Conclusion and Recommendation
The addition of stopwords has certainly helped in some areas, making certain topics clearer. However, some conversational noise still persists, especially words related to the Q&A format or general conversational patterns. The term "Apple" continues to be grouped with "deposit" in some k values, which is still a bit puzzling without specific context.

Based on this comprehensive analysis, the most sensible k value is a trade-off between granularity, coherence, and minimizing "junk" topics.

k=8: Offers good clarity for key themes (Credit Card, Headcount/Severance, Asset/Fundraising), but is still quite broad and has some remaining conversational noise.
k=9: Introduces very strong "GSIB" and "Wealth Management" topics.
k=10: Shows strong "Investment/Platform" and "Fundraising" themes.
k=11: This k value demonstrates the best balance in this new set of runs.
It produces several very distinct and interpretable financial/business topics: "Wealth Management/European Footprint" , "Severance/Headcount/Capital" , "Credit Card/Consumer" , "GSIB/Allocation" , "Bank/Acquisition/Advisory" , "FICC/Equity/Commodity" , and "Deposit/Capital/Market/Exposure".
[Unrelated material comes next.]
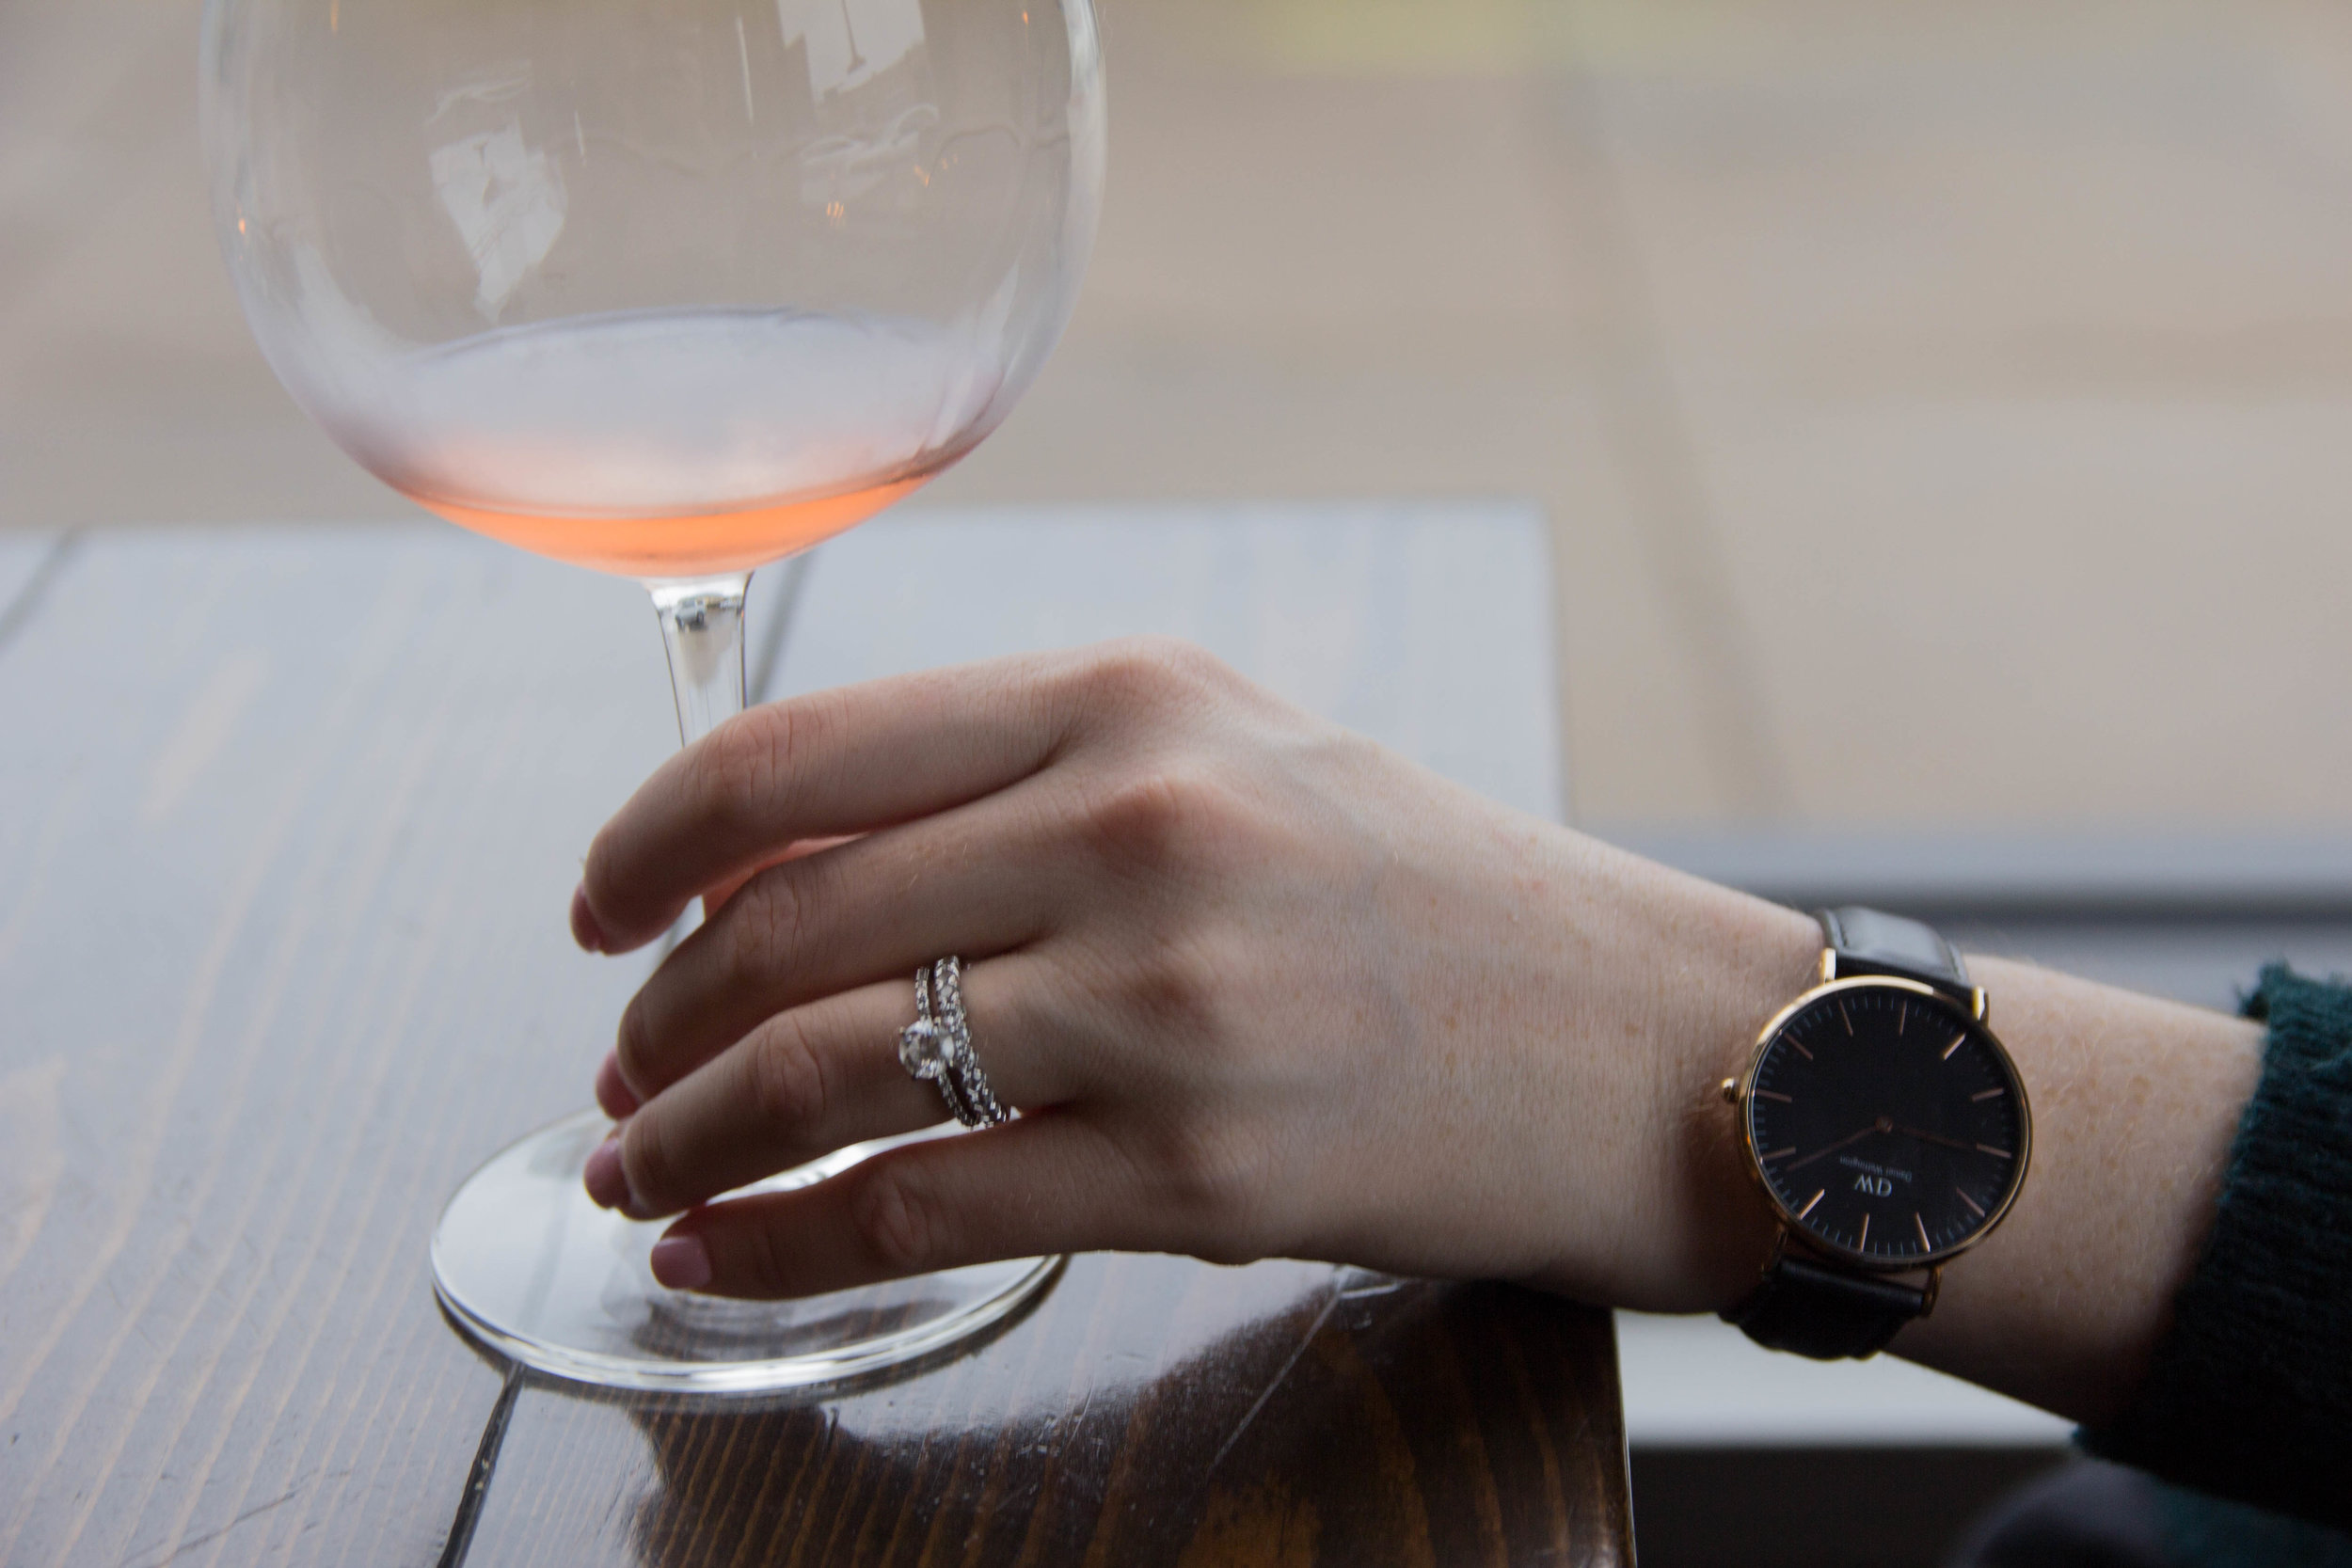 jewelers mutual, fuller's jewelry, daniel wellington classic black watch, where to get your engagement ring in dallas, where to get your wedding rings in dallas, wine poste, bar anatomie, neighborhood cellar, bishop arts district, rose all day, how …
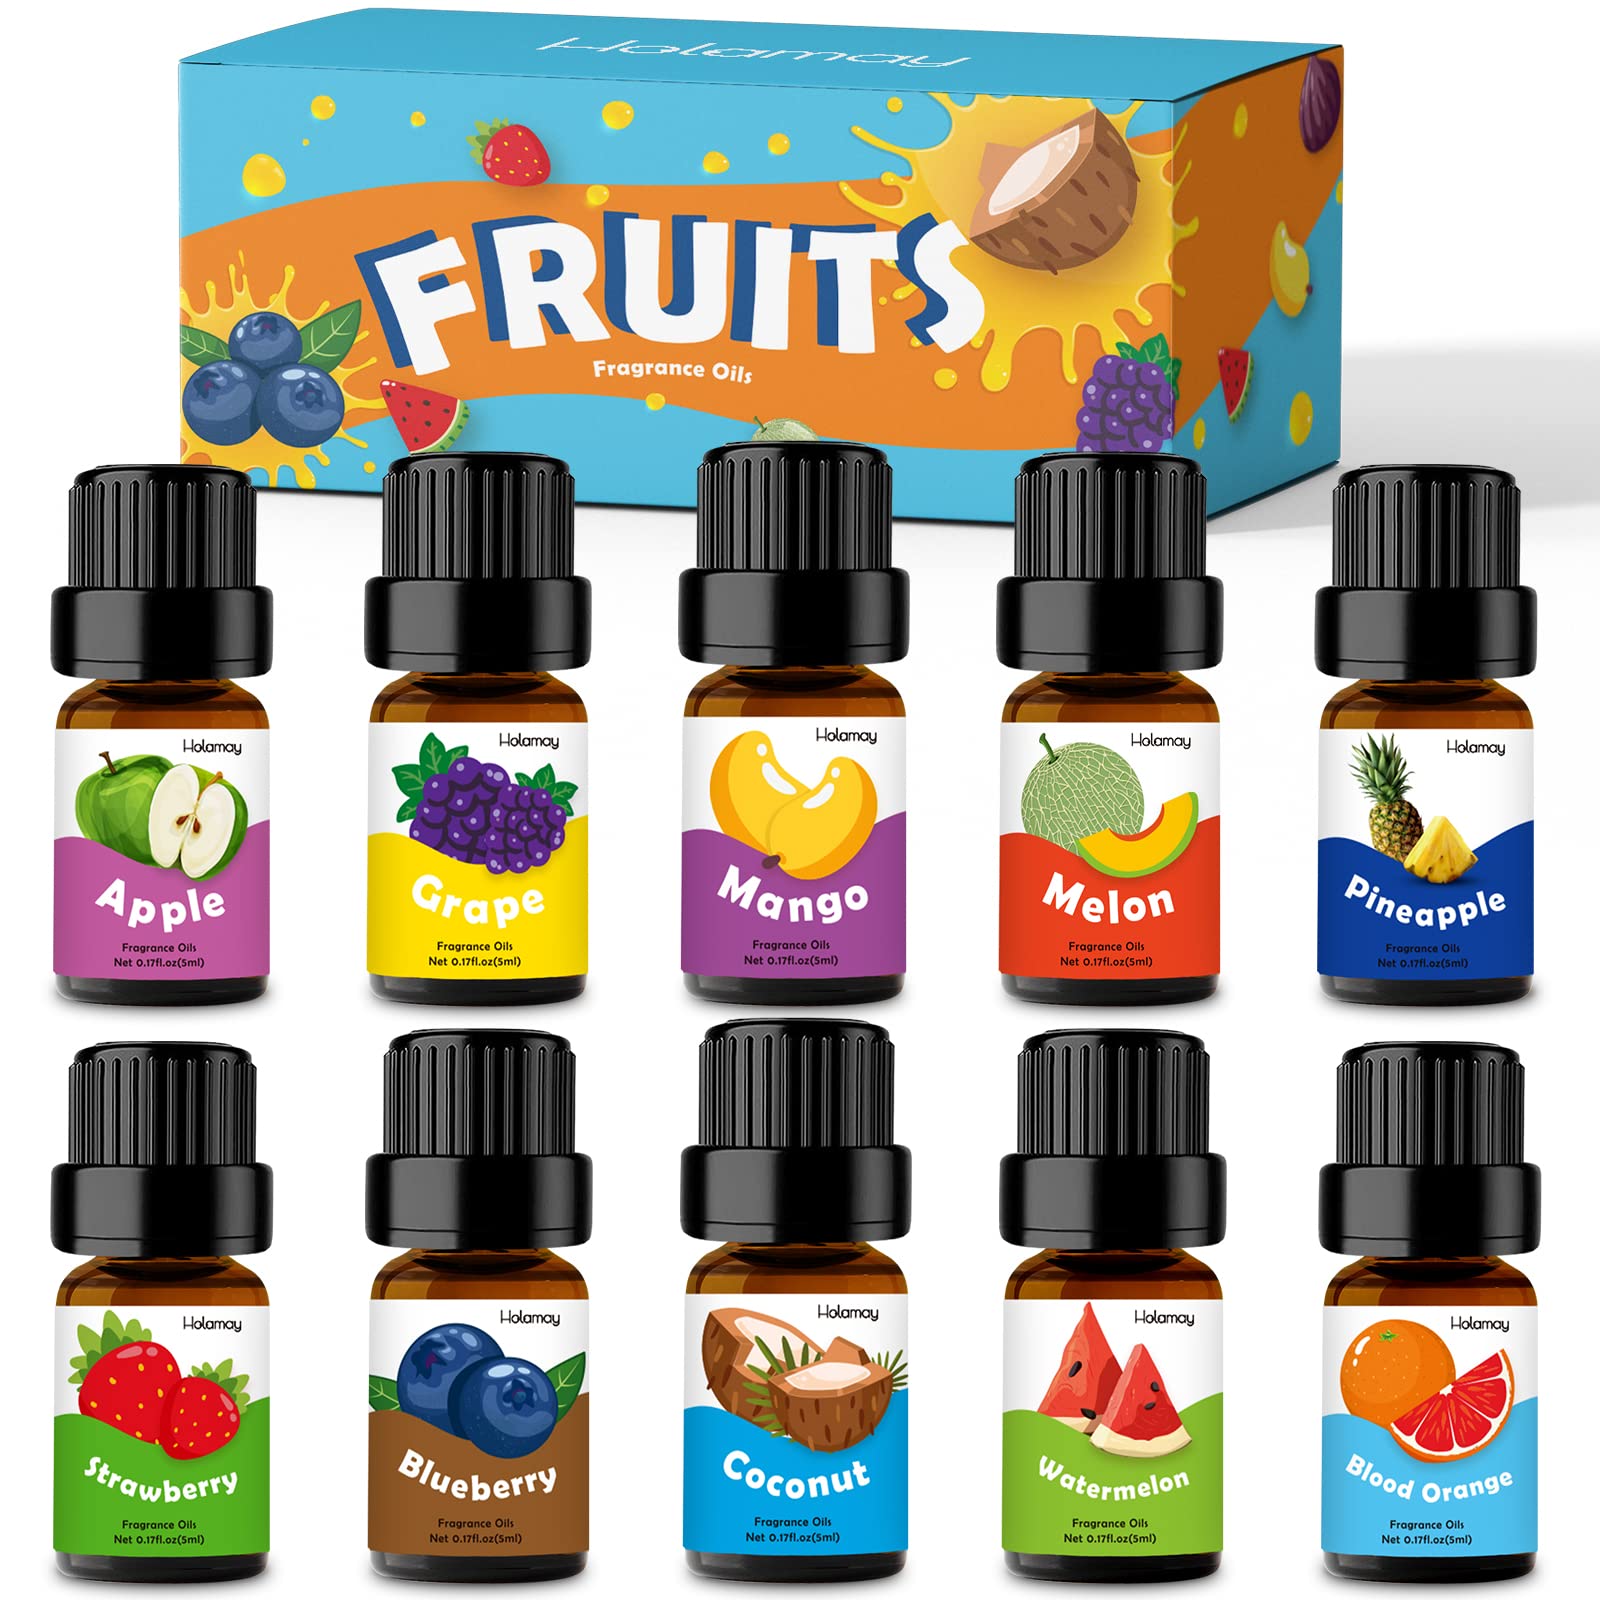 Panaro Fruity Premium Fragrance Oils (Set of 5x10ml) - Refresh Joyful Moods  at Home - Scents Include Grapefruit, Pear, Honey, Apple Figs & Lime - for  Diffusers, Candles, Sprays or Bath Bomb Making : : Home &  Kitchen

Crucially, the "Apple" anomaly is not present in the top words of any topic for k=11, suggesting a cleaner separation of terms.
While some conversational noise is still present (Topics 2, 4, 9 in k=11), the quality of the interpretable topics is high.
k=12, k=13, k=14: Beyond k=11, the topics generally become more fragmented, or reintroduce the "Apple" anomaly, and the number of less coherent/conversational topics increases, making overall interpretation more challenging. For example, k=12 recombines "funding/deposits" with "severance/headcount", which is less ideal.
Therefore, my strongest recommendation is k=11. It provides a good level of detail for key financial aspects of Goldman Sachs' earnings calls while offering significantly improved topic coherence and distinctiveness, and effectively mitigating some of the persistent noise terms seen in other k values.

In [None]:
import numpy as np
from sklearn.decomposition import LatentDirichletAllocation
from sklearn.feature_extraction.text import TfidfVectorizer # Assuming this is already imported and used
import pandas as pd # Assuming grouped_gs_qna_df is a pandas DataFrame

def get_lda_topic_model_and_data(dtm, vectorizer, num_topics=11, no_top_words=10, **lda_params):
    """
    Initializes and fits an LDA model, then extracts top words and their weights for each topic.

    Args:
        dtm (scipy.sparse.csr_matrix): The Document-Term Matrix.
        vectorizer (TfidfVectorizer): The fitted TF-IDF vectorizer.
        num_topics (int): The number of topics for the LDA model.
        no_top_words (int): The number of top words to display for each topic.
        **lda_params: Arbitrary keyword arguments to pass to the LatentDirichletAllocation constructor.
                      Common parameters include max_iter, learning_method, learning_decay,
                      random_state, n_jobs, evaluate_every.

    Returns:
        tuple: A tuple containing:
            - lda_model (LatentDirichletAllocation): The fitted LDA model.
            - topics_data (list): A list of dictionaries, one for each topic,
                                  containing 'topic_idx', 'top_words', and 'word_weights'.
    """
    print(f"\nStarting LDA model fitting with {num_topics} topics...")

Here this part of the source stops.